If you’re not familiar with it, in Luke 19 Jesus tells the story of a nobleman who goes on a trip and gives ten of his servants, by my math, almost $500,000 each and tells them to do business with it until he gets back.
One earns $5 million off the money entrusted to him. Another earns $2.5 million. A third stashes away his half-million and,when the nobleman returns, gives it back, intact and unharmed. The nobleman is furious and takes the half-million from the third man and gives it to the first.
This parable often makes me feel inadequate because I have always suspected I would be the guy who hides the cash. Maybe this is because I was always warned about not doing it, or, maybe because when I was growing up, some people accused me of squandering my opportunities and wasting my time and talents.

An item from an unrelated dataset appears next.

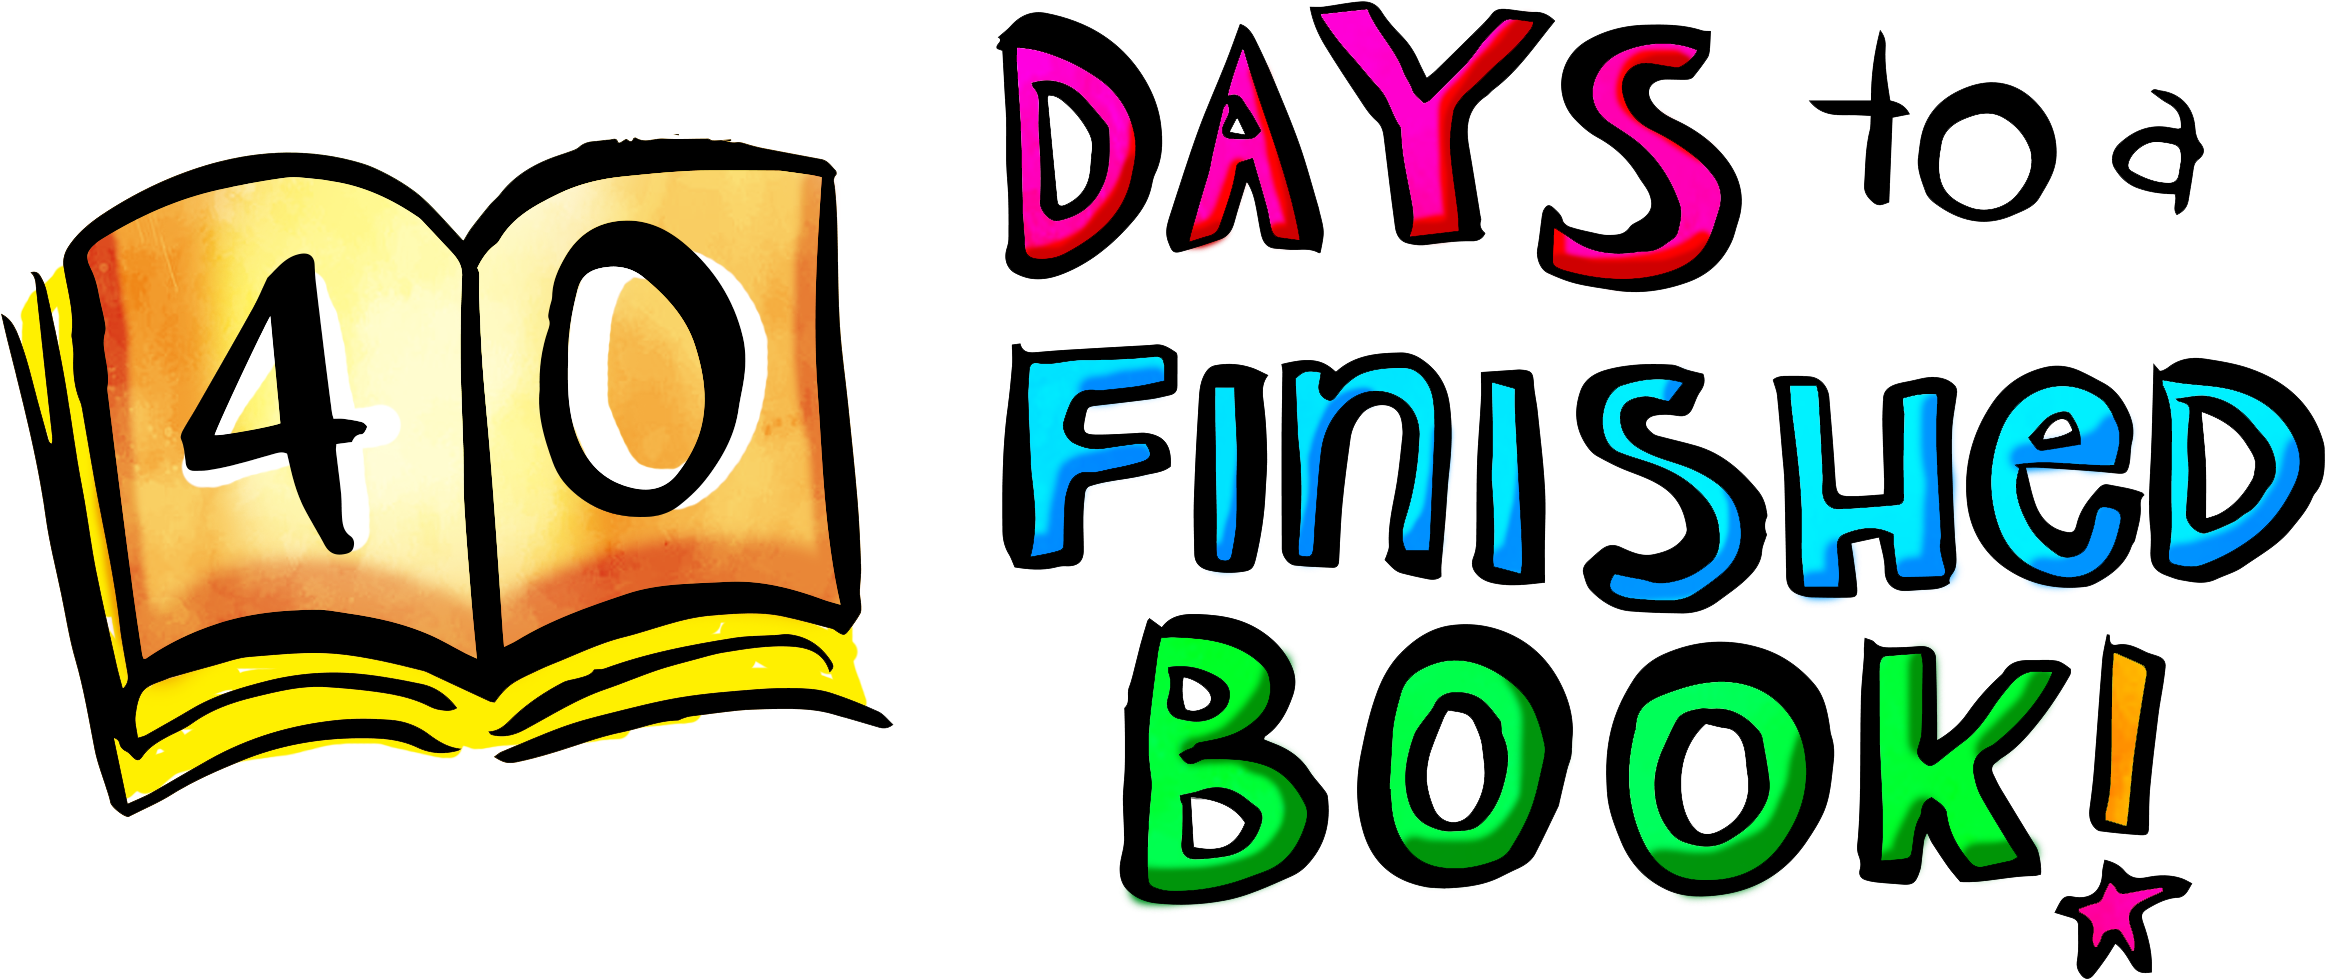 40 Days To A Finished Book - 40 Days To A Finished Book (2424x1070)

People said I had talent and said I was wasting it, and that has remained a fear for me.
But when I read this passage a few months ago, I wondered whether the “talents” in this story are really our abilities, or whether they might just be our own sacred selves.
Some of us, for various reasons, feel the need to hide who we truly are. In neurodivergent communities, this is known as masking. In LGBTQ communities, it’s called being in the closet. Henri Nouwen writes about it in terms of the true and false self. The false self is who we pretend to be, who we think other people want us to be, but the true self is who we really are, who God made us.

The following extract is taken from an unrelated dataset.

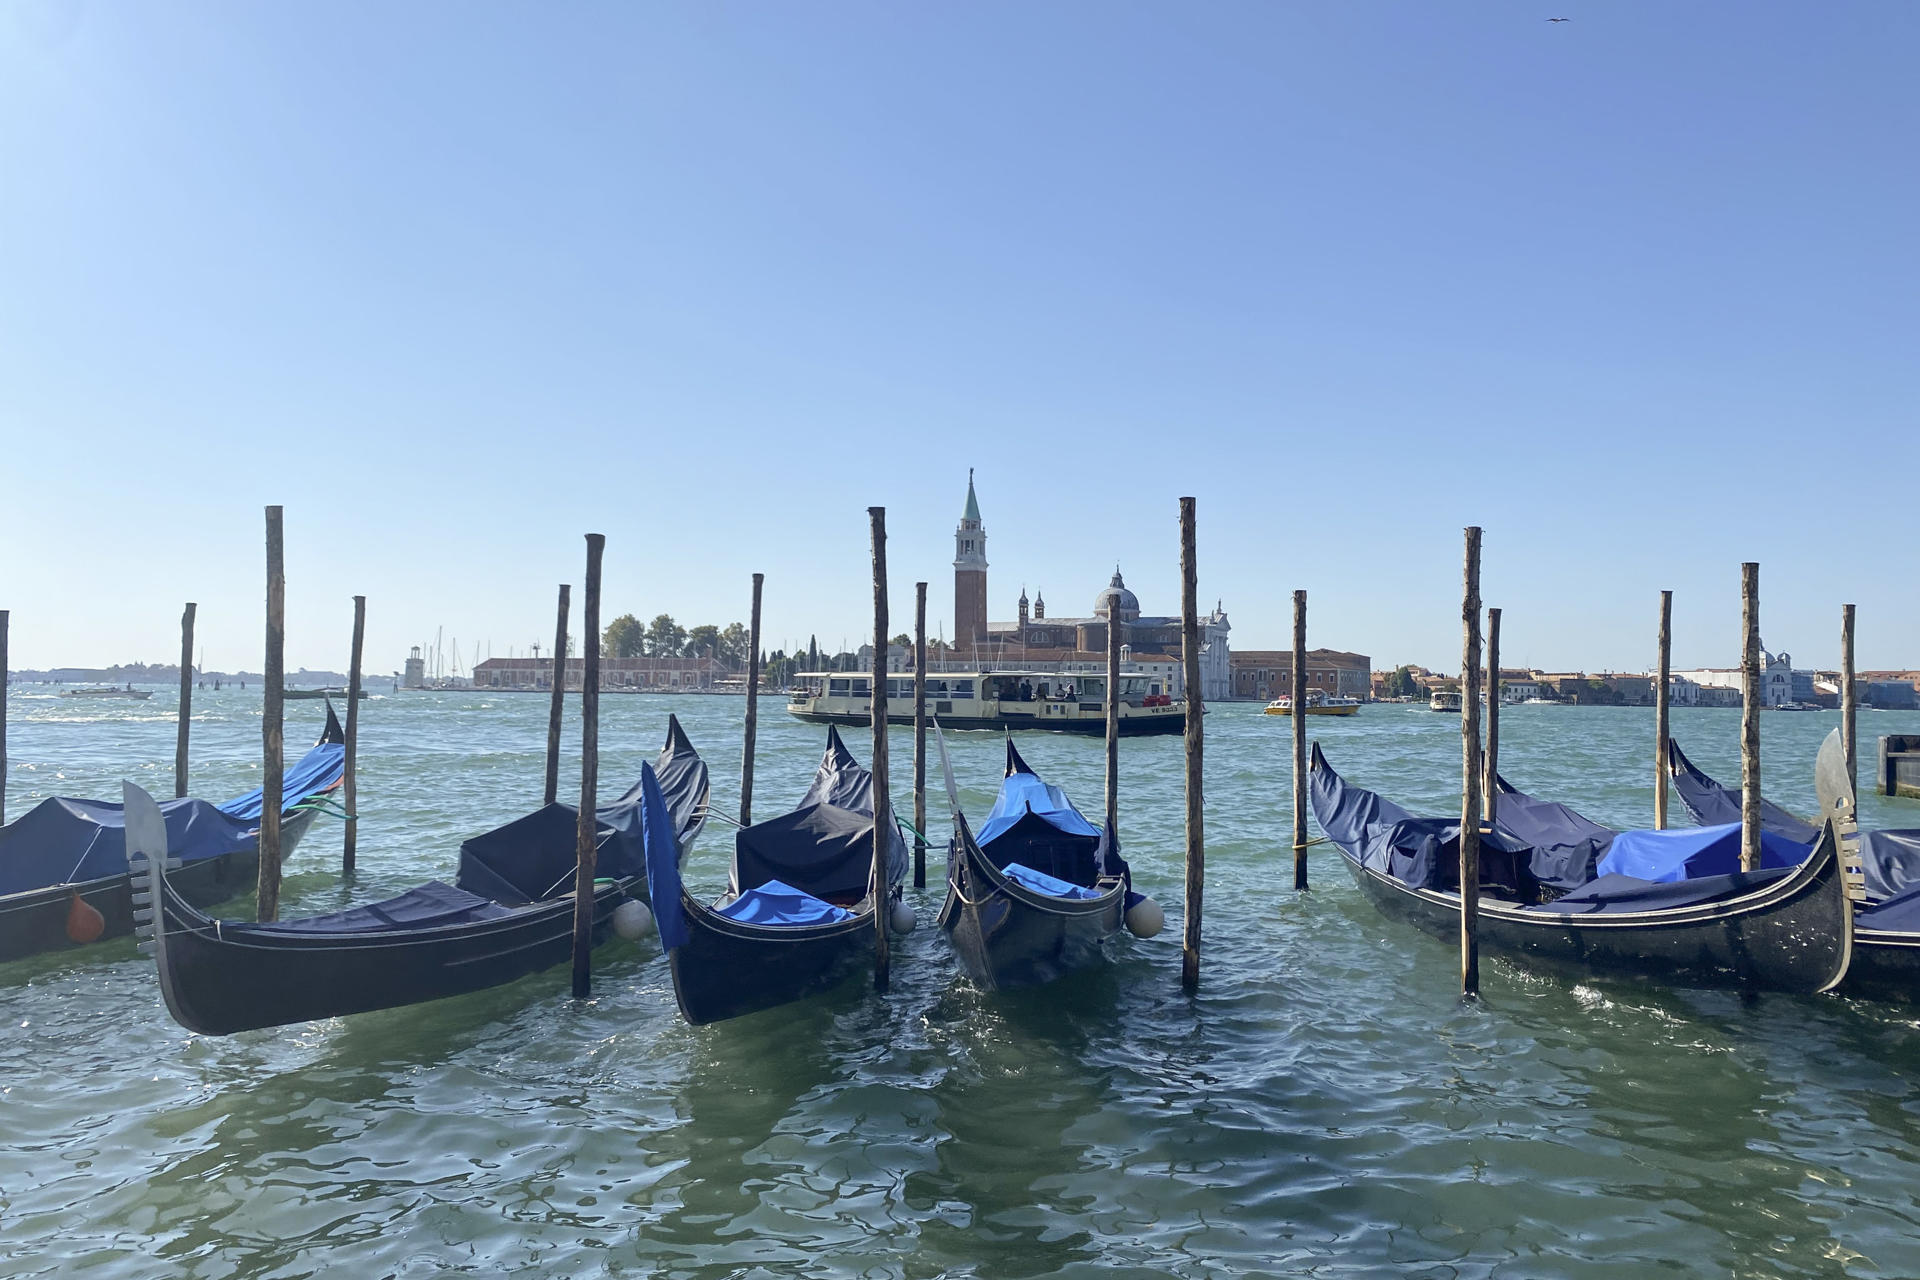 La no inclusión de Venecia como Patrimonio en riesgo una "gran victoria", según alcalde

For some of us, there may be very real consequences for coming out, for showing our true selves, but I think this parable is a warning that there are also real consequences for hiding our true selves, as so many of us already know.
I wouldn’t read this parable as saying that masking, or being in the closet, or pretending to be someone you’re not to get people to like you, is wrong or means God will take away that unique part of you that is of inestimable value. When Jesus tells this story, he ends it with passive verbs, telling what will happen, how the world works, not necessarily what God will do. Many of us already know the enormous cost of pushing down and hiding parts of ourselves to be more palatable to others.
To be clear, our true self isn’t found in causing other people harm, and this isn’t an excuse to say, “Well, being unkind is being true to myself.” I don’t think that’s true. Being mean is a false self we put up to defend our true self. We can show our true emotions, but this isn’t an excuse to use those emotions as weapons to cause others harm.
With that caveat, “Be who you are and say what you feel. Those who mind don’t matter, and those who matter don’t mind.” (Unknown, widely incorrectly attributed to Dr. Seuss)
The world is not made better when you bury your gift by pretending to be someone you’re not long-term, and neither are you.